Children born out of wedlock

(a) The provisions of paragraphs (c), (d), (e), and (g) of section 1401 of this title, and of paragraph (2) of section 1408 of this title, shall apply as of the date of birth to a person born out of wedlock if-

(1) a blood relationship between the person and the father is established by clear and convincing evidence,

(2) the father had the nationality of the United States at the time of the person's birth,

(3) the father (unless deceased) has agreed in writing to provide financial support for the person until the person reaches the age of 18 years, and

(4) while the person is under the age of 18 years-

(A) the person is legitimated under the law of the person's residence or domicile,

(B) the father acknowledges paternity of the person in writing under oath, or

(C) the paternity of the person is established by adjudication of a competent court.

* * * * *

(c) Notwithstanding the provision of subsection (a) of this section, a person born, after December 23, 1952, outside the United States and out of wedlock shall be held to have acquired at birth the nationality status of his mother, if the mother had the nationality of the United States at the time of such person's birth, and if the mother had previously been physically present in the United States or one of its outlying possessions for a continuous period of one year.

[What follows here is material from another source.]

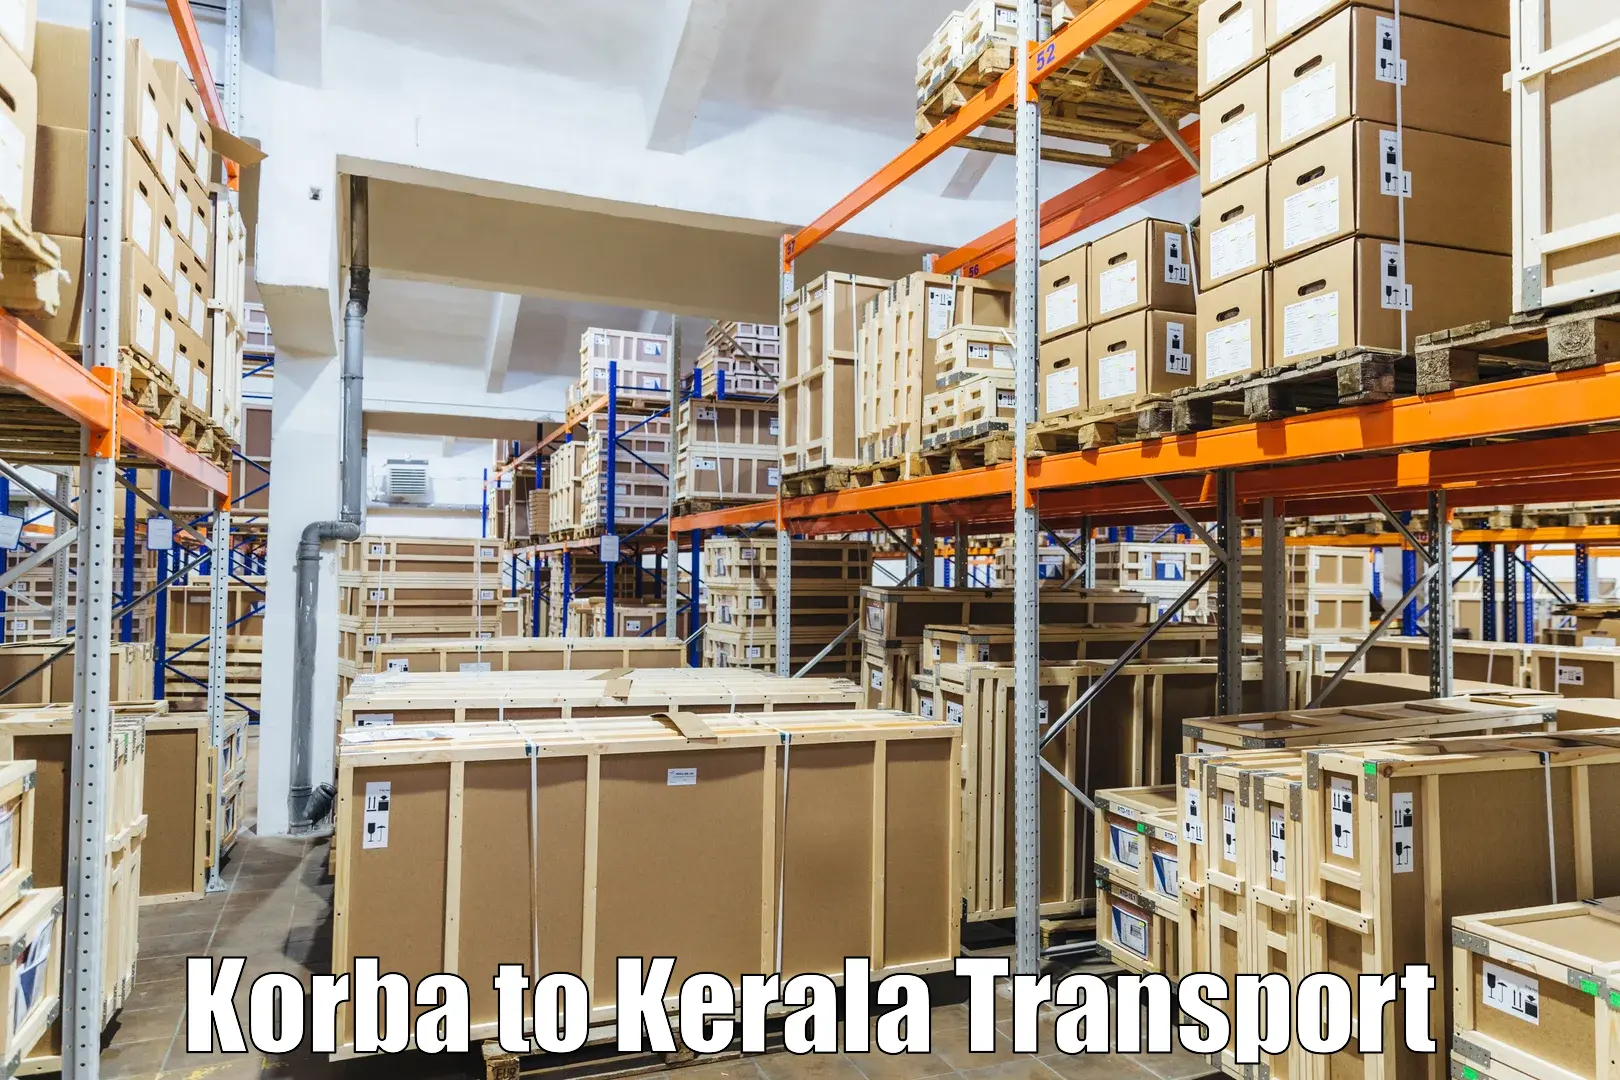 Transport in sharing Korba to Kalanjoor

6. Section 309 of the INA, ch. 477, 66 Stat. 238,

8 U.S.C. 1409 (1952), provided in pertinent part:

Children born out of wedlock

(a) The provisions of paragraphs (3)-(5) and (7) of section 1401(a) of this title, and of paragraph (2) of section 1408 of this title shall apply as of the date of birth to a child born out of wedlock on or after the effective date of this chapter, if the paternity of such child is established while such child is under the age of twenty-one years by legitimation.

* * * * *

(c) Notwithstanding the provision of subsection (a) of this section, a person born, on or after the effective date of this chapter, outside the United States and out of wedlock shall be held to have acquired at birth the nationality status of his mother, if the mother had the nationality of the United States at the time of such person's birth, and if the mother had previously been physically present in the United States or one of its outlying possessions for a continuous period of one year.

7. Section 205 of the Nationality Act of 1940, ch. 876, 54 Stat. 1139-1140, provides:

The provisions of section 201, subsections (c), (d), (e), and (g), and section 204, subsections (a) and (b), hereof apply as of the date of birth, to a child born out of wedlock, provided the paternity is established during minority, by legitimation, or adjudication of a competent court.

In the absence of such legitimation or adjudication, the child, whether born before or after the effective date of this Act, if the mother had the nationality of the United States at the time of the child's birth, and had previously resided in the United States or one of its outlying possessions, shall be held to have acquired at birth her nationality status.